- _What to work on_
Copy the data exactly. Images are to be left out.

- _Information provided_
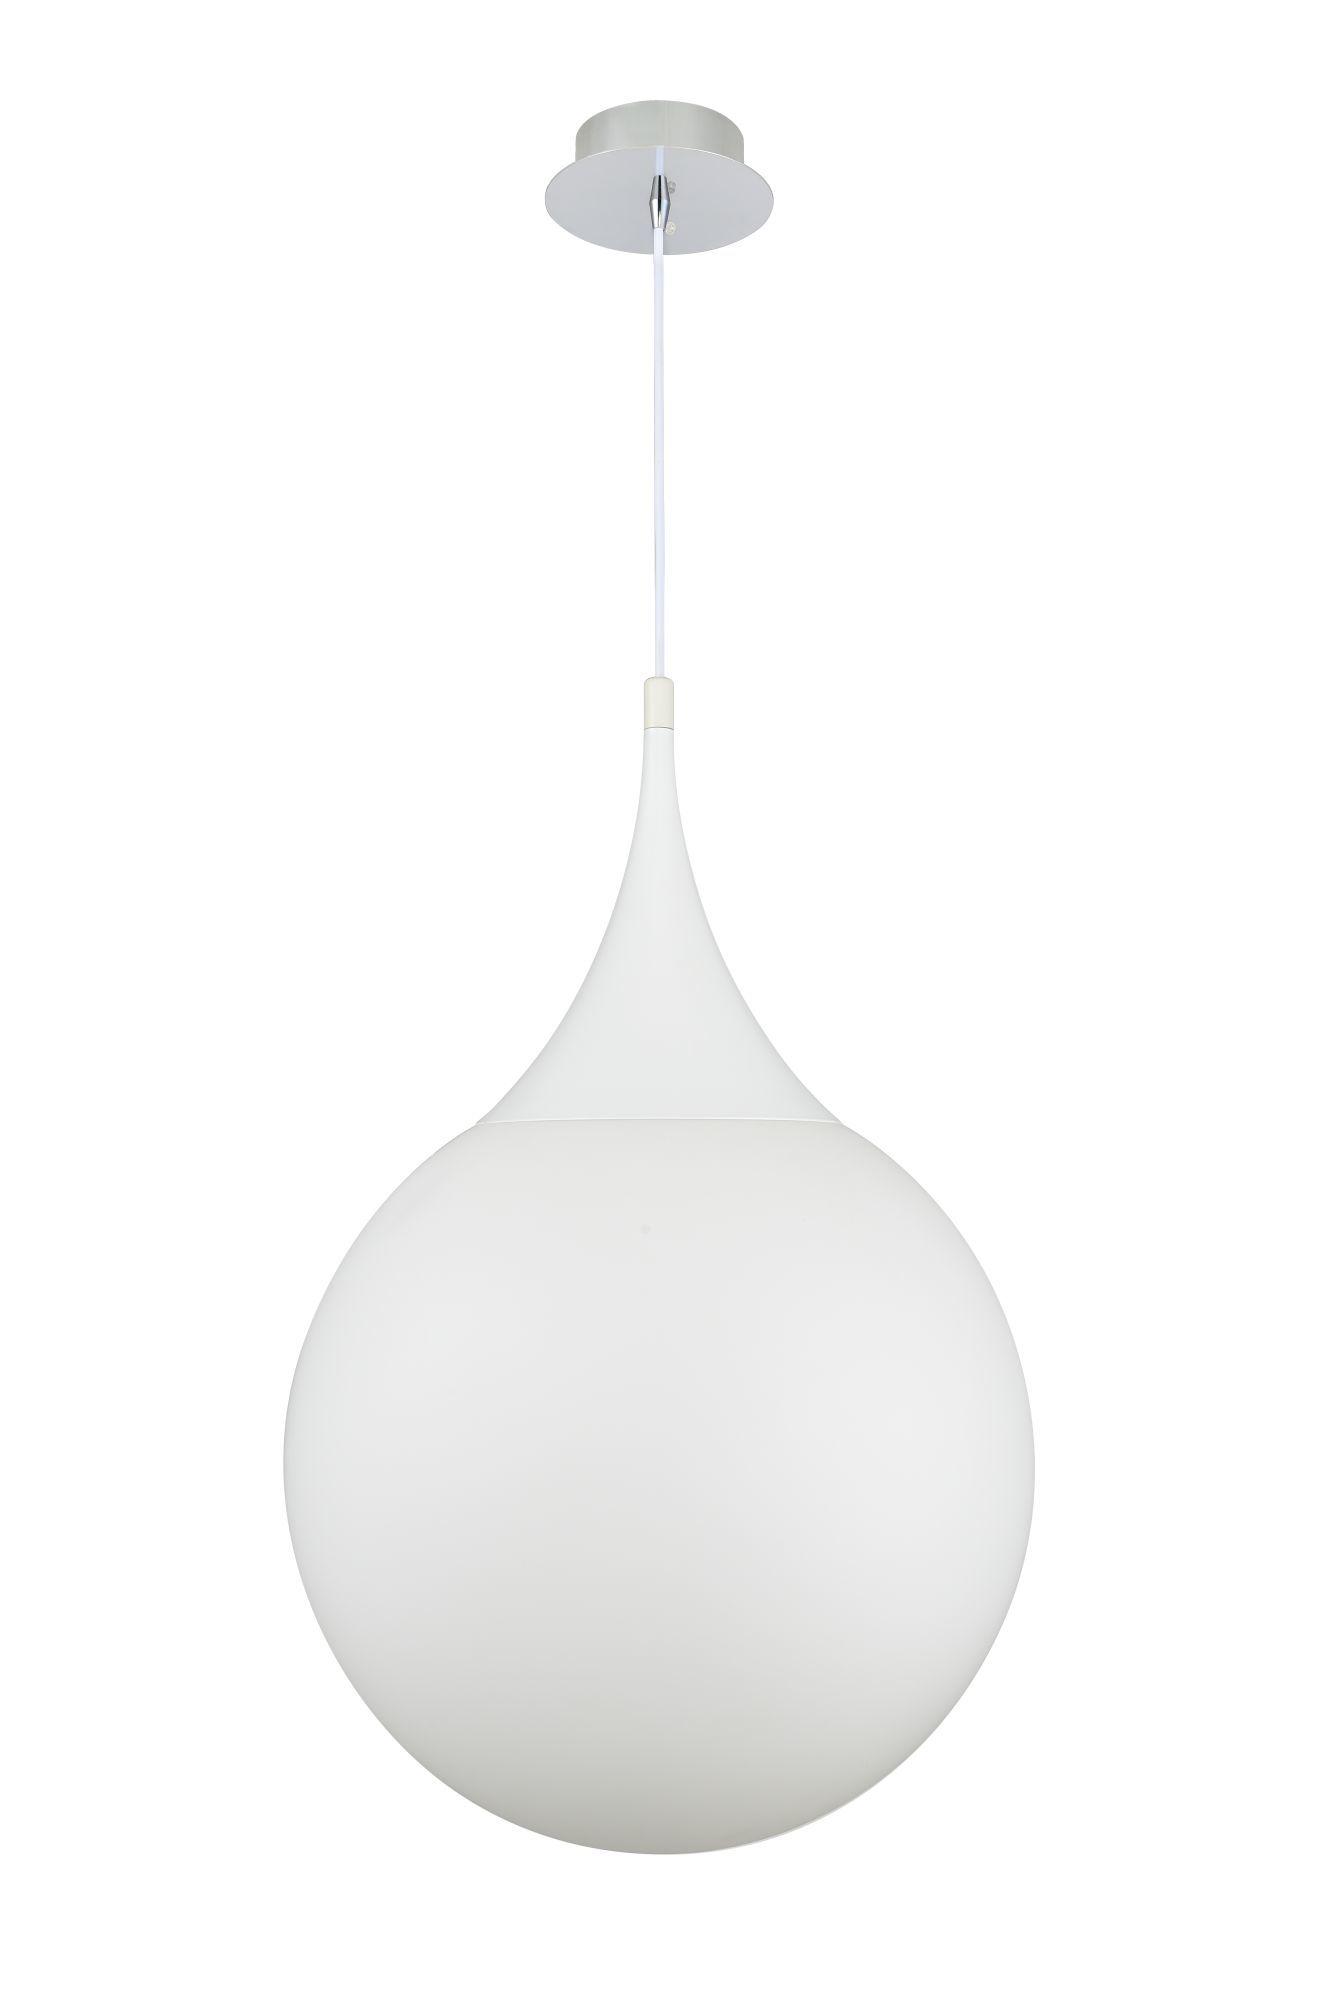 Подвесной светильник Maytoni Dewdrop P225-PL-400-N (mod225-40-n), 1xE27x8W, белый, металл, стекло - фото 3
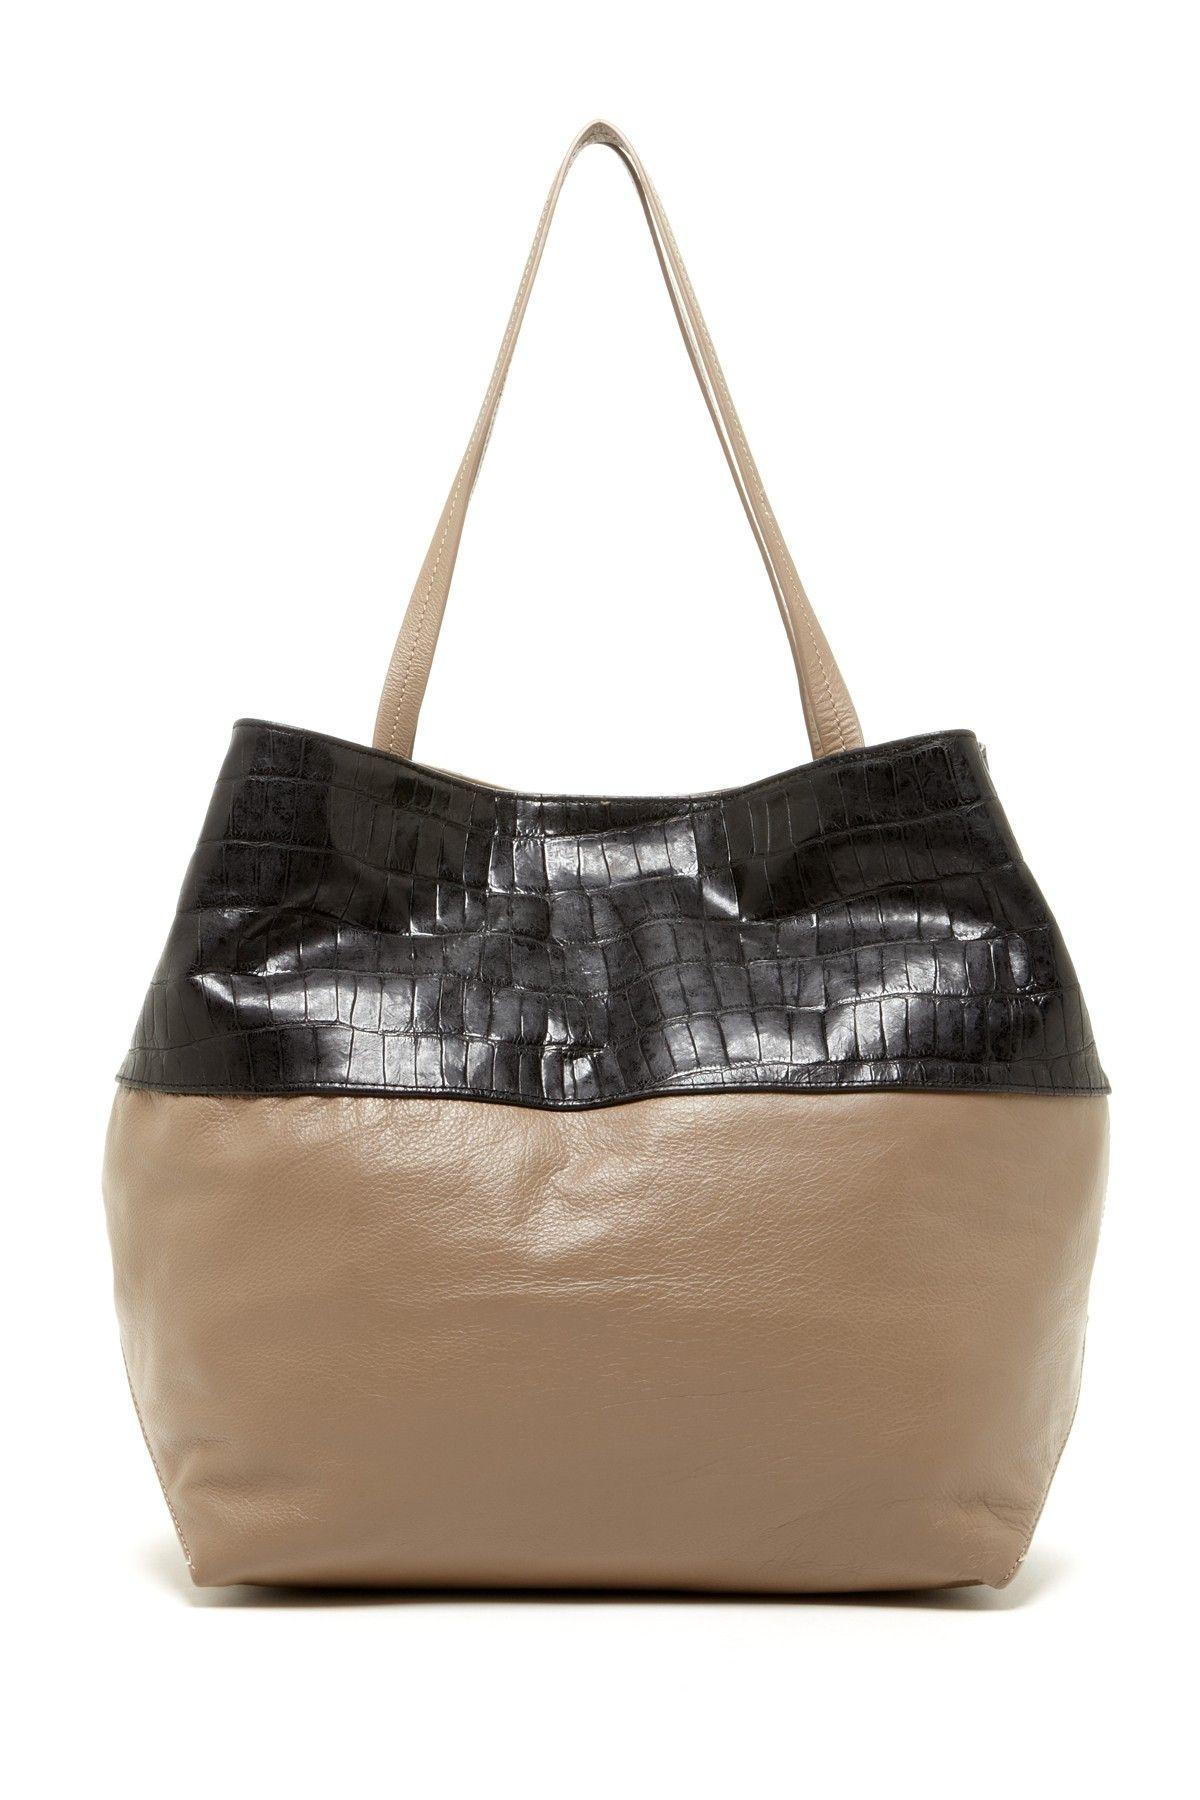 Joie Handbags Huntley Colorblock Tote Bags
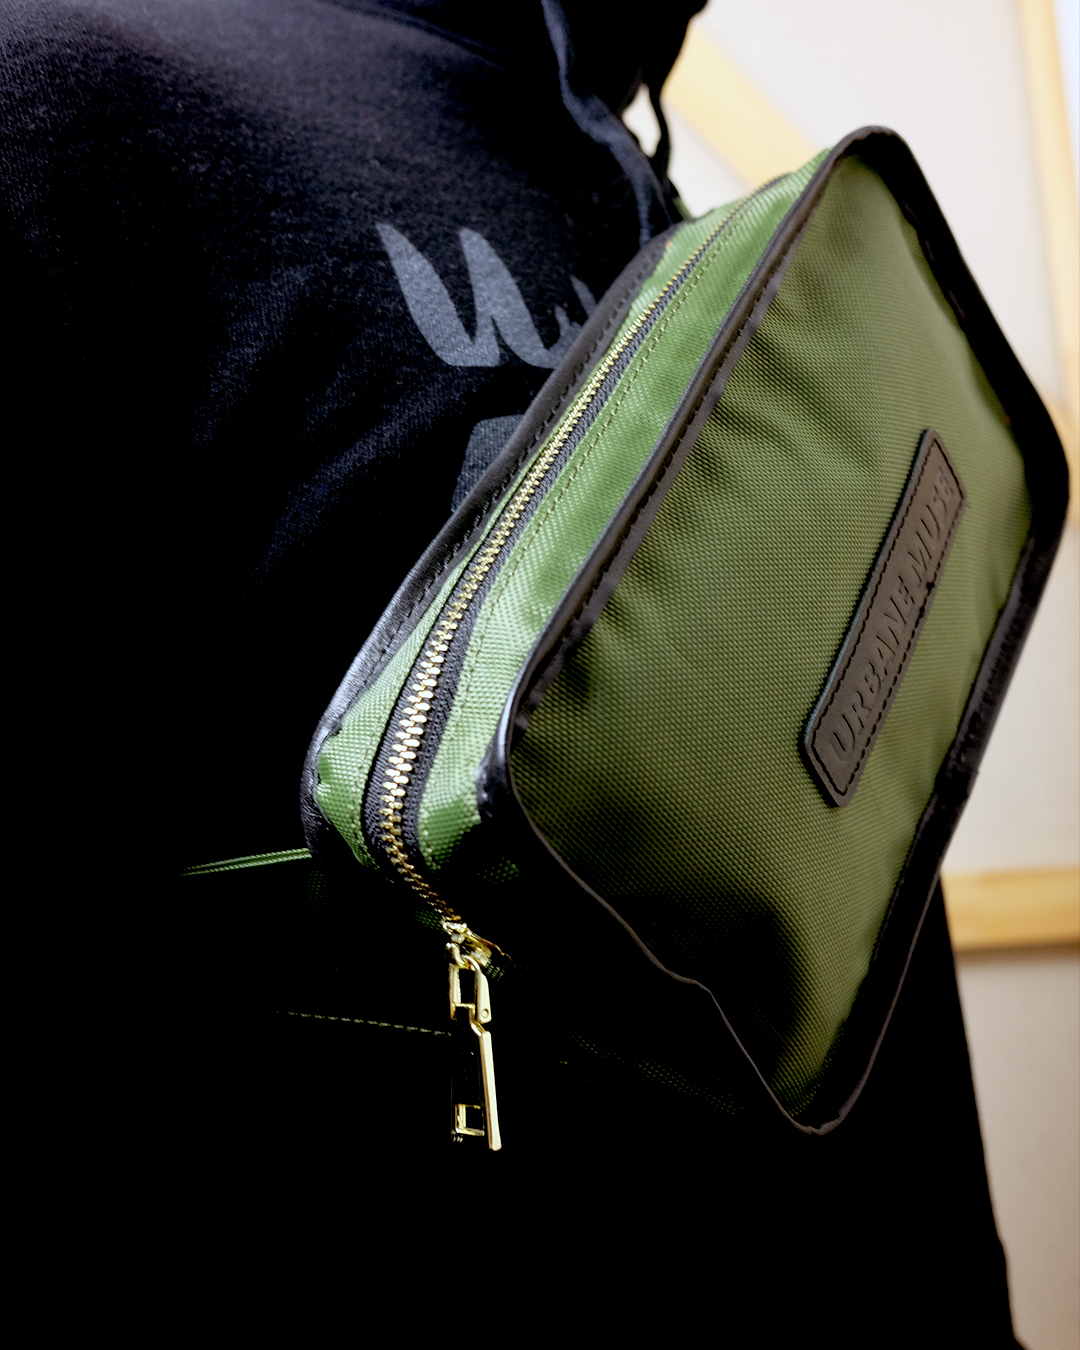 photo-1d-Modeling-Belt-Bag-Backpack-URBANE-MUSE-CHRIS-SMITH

- _The completed task_
 Подвесной светильник Maytoni Dewdrop P225-PL-400-N (mod225-40-n), 1xE27x8W, белый, металл, стекло - фото 3
 Joie Handbags Huntley Colorblock Tote Bags
 photo-1d-Modeling-Belt-Bag-Backpack-URBANE-MUSE-CHRIS-SMITH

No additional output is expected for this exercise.